Information provided:
____
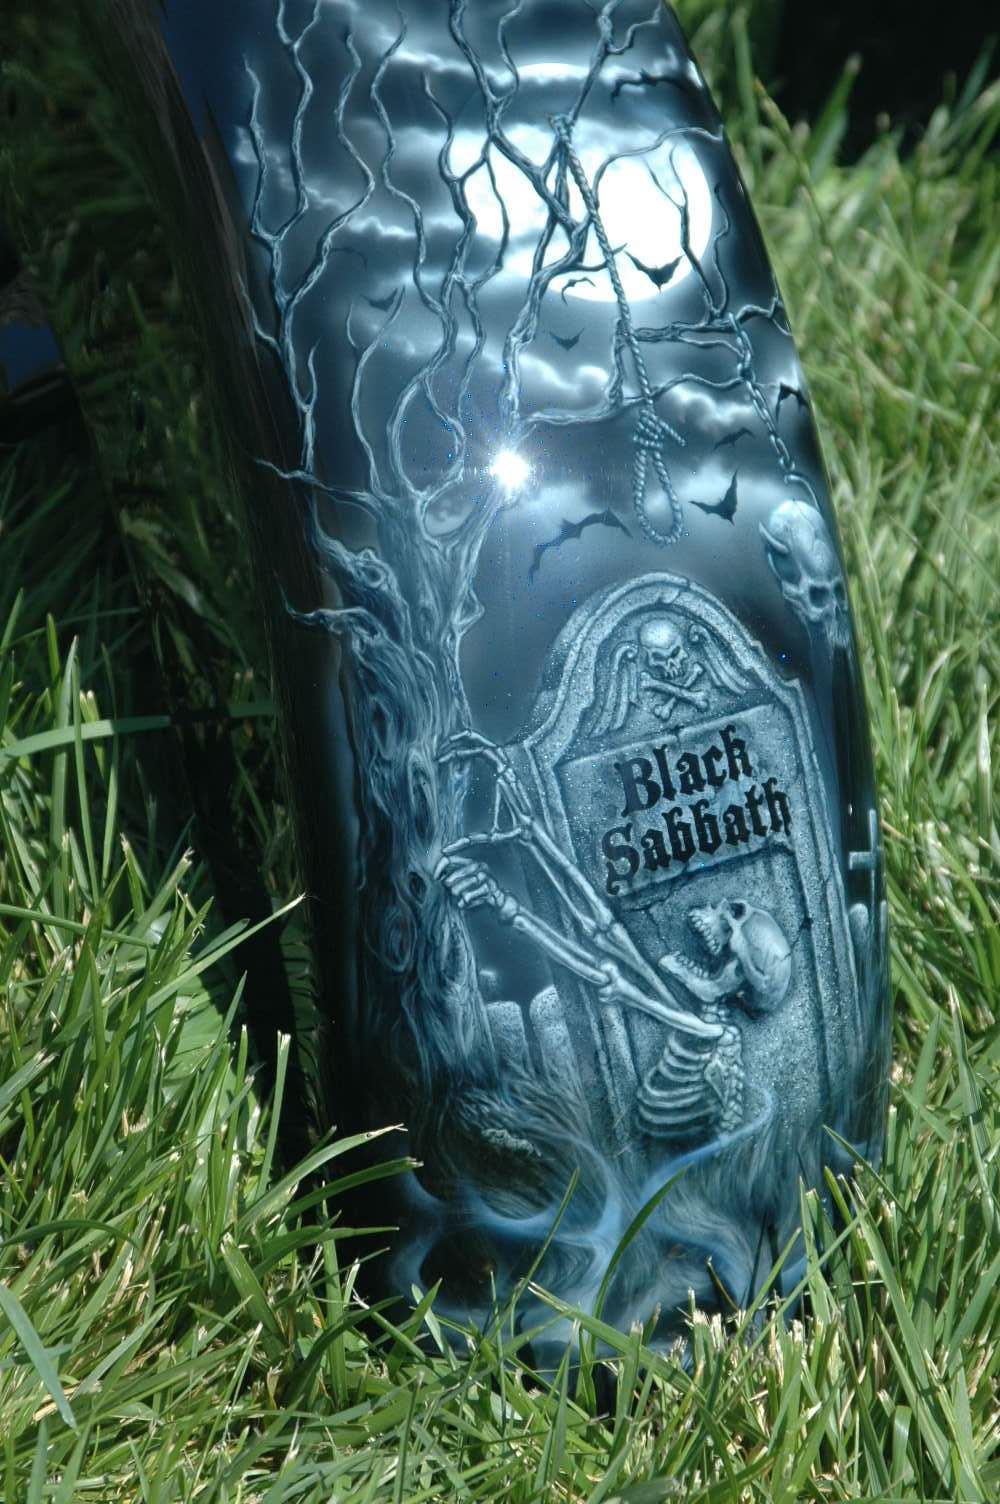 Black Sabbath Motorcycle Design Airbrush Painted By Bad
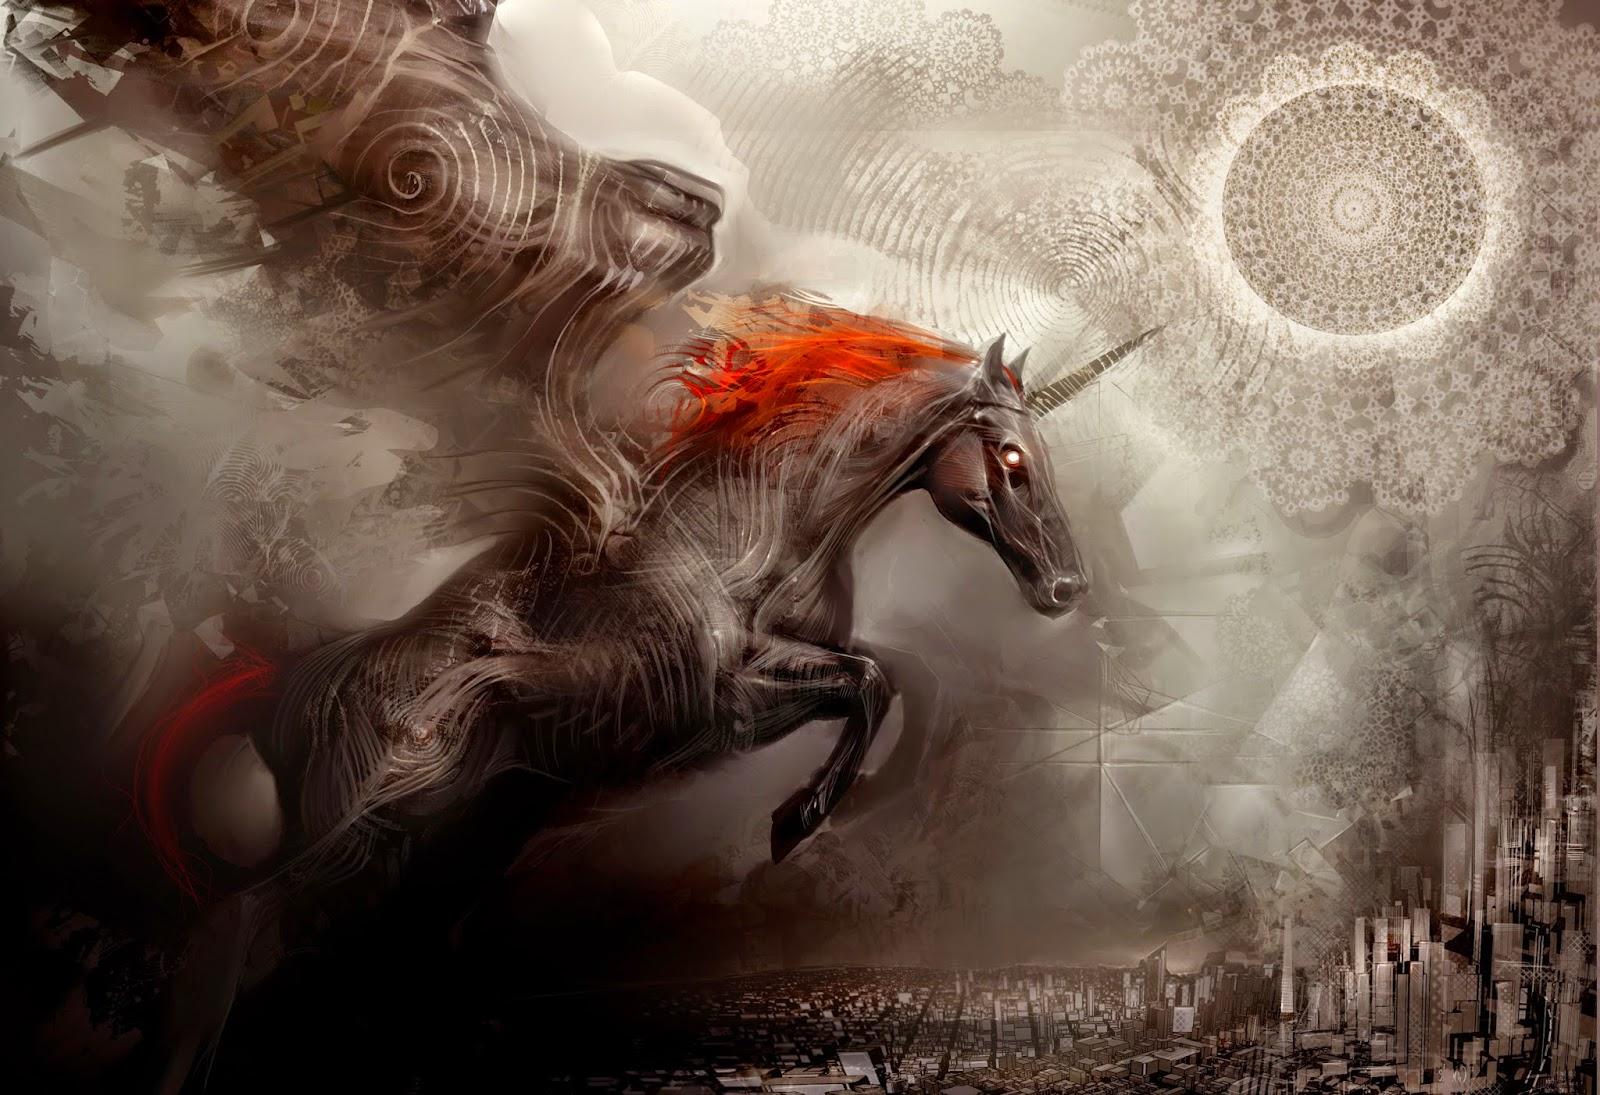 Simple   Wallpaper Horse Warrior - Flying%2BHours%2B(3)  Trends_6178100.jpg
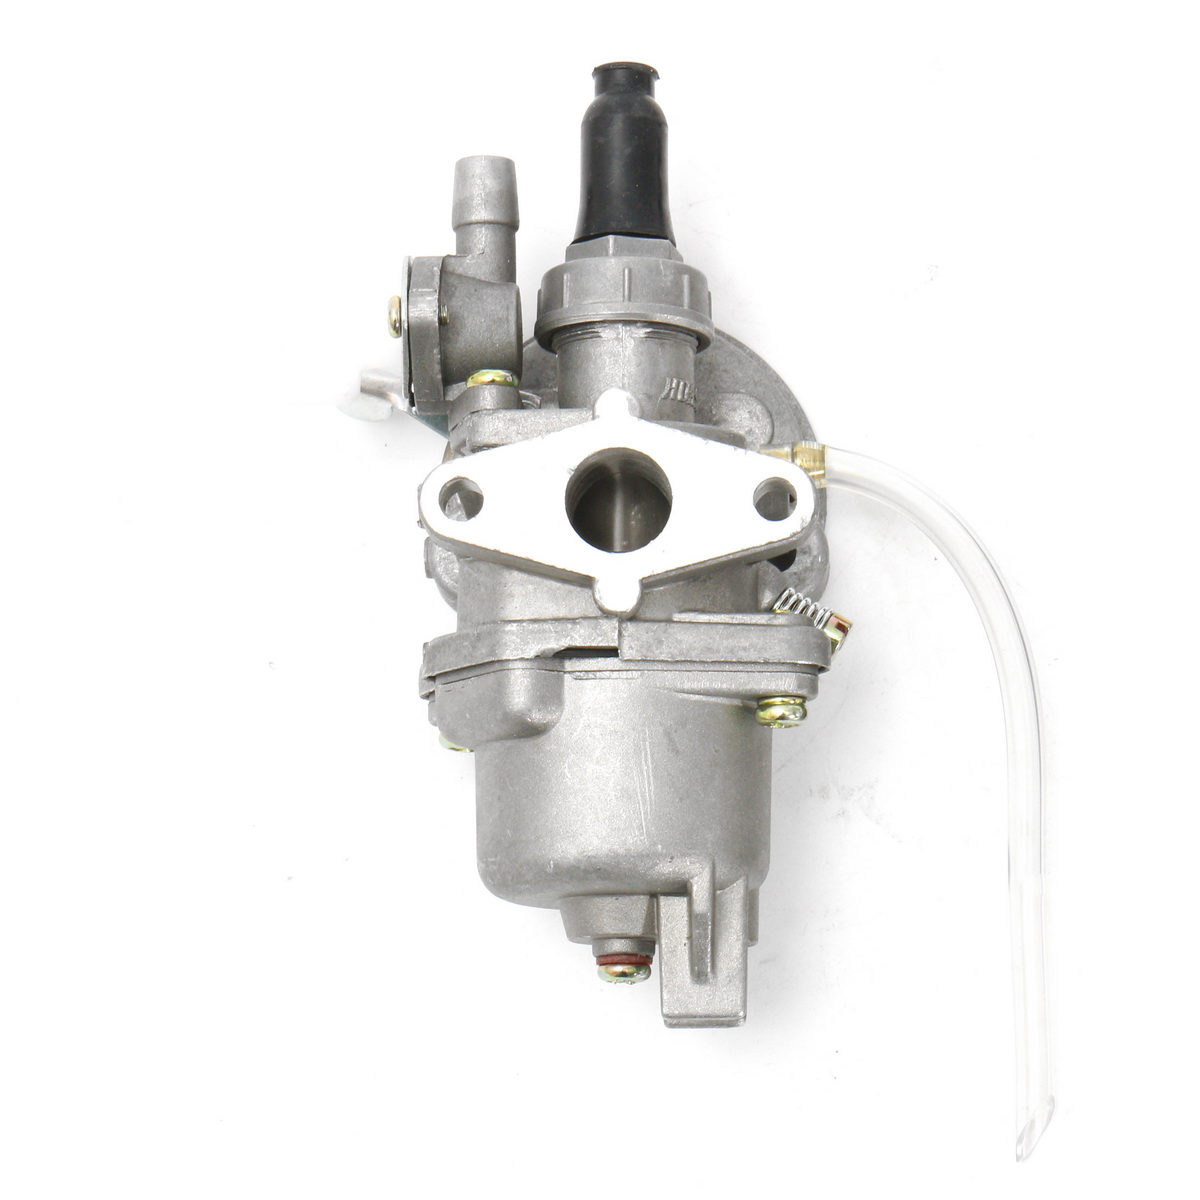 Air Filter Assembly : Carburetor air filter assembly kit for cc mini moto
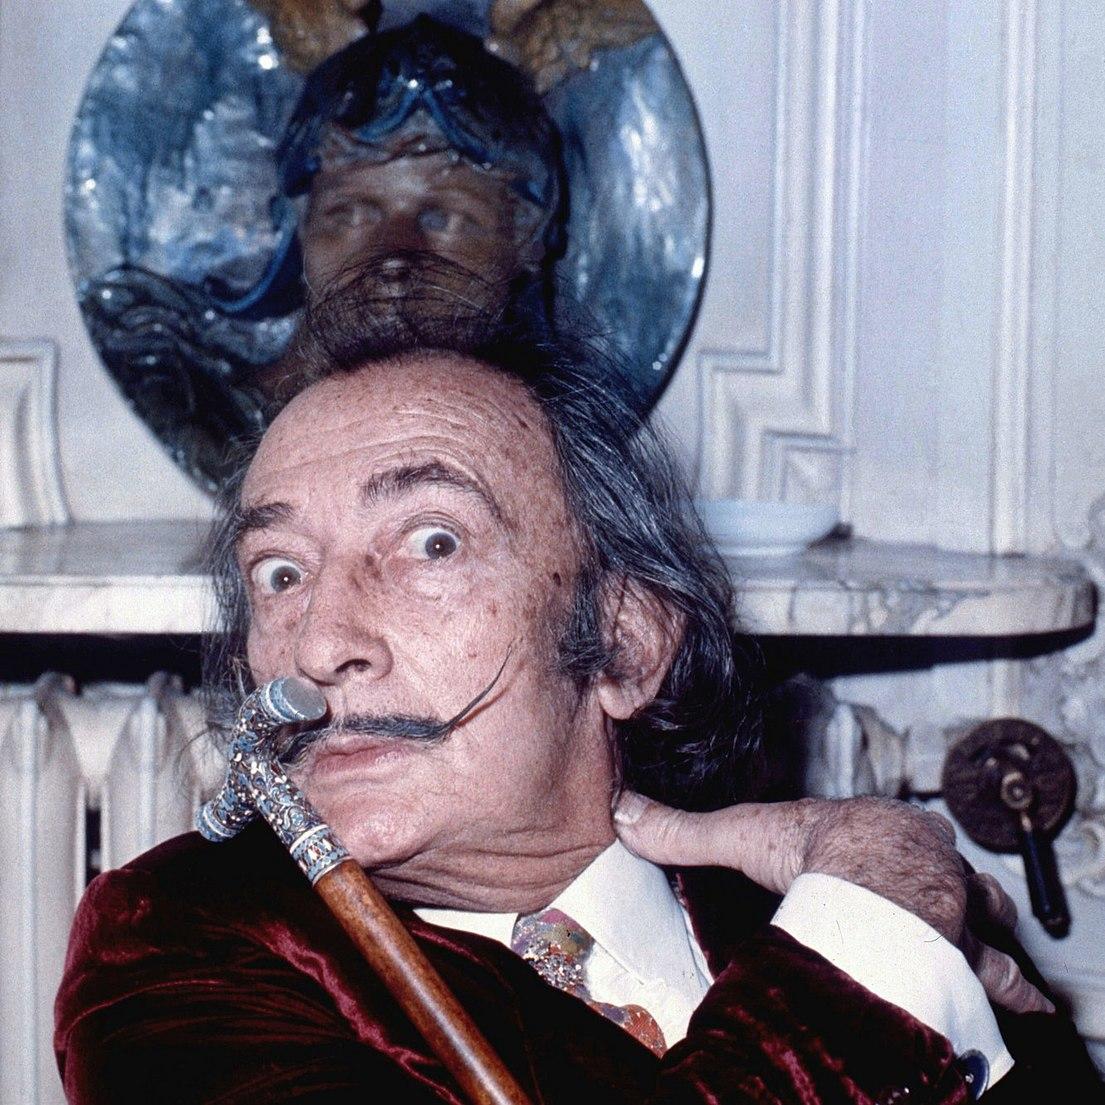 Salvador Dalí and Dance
____
The problem: Hand back every line of the material, exactly, without the pictures.

Final answer:
 Black Sabbath Motorcycle Design Airbrush Painted By Bad
 Simple   Wallpaper Horse Warrior - Flying%2BHours%2B(3)  Trends_6178100.jpg
 Air Filter Assembly : Carburetor air filter assembly kit for cc mini moto
 Salvador Dalí and Dance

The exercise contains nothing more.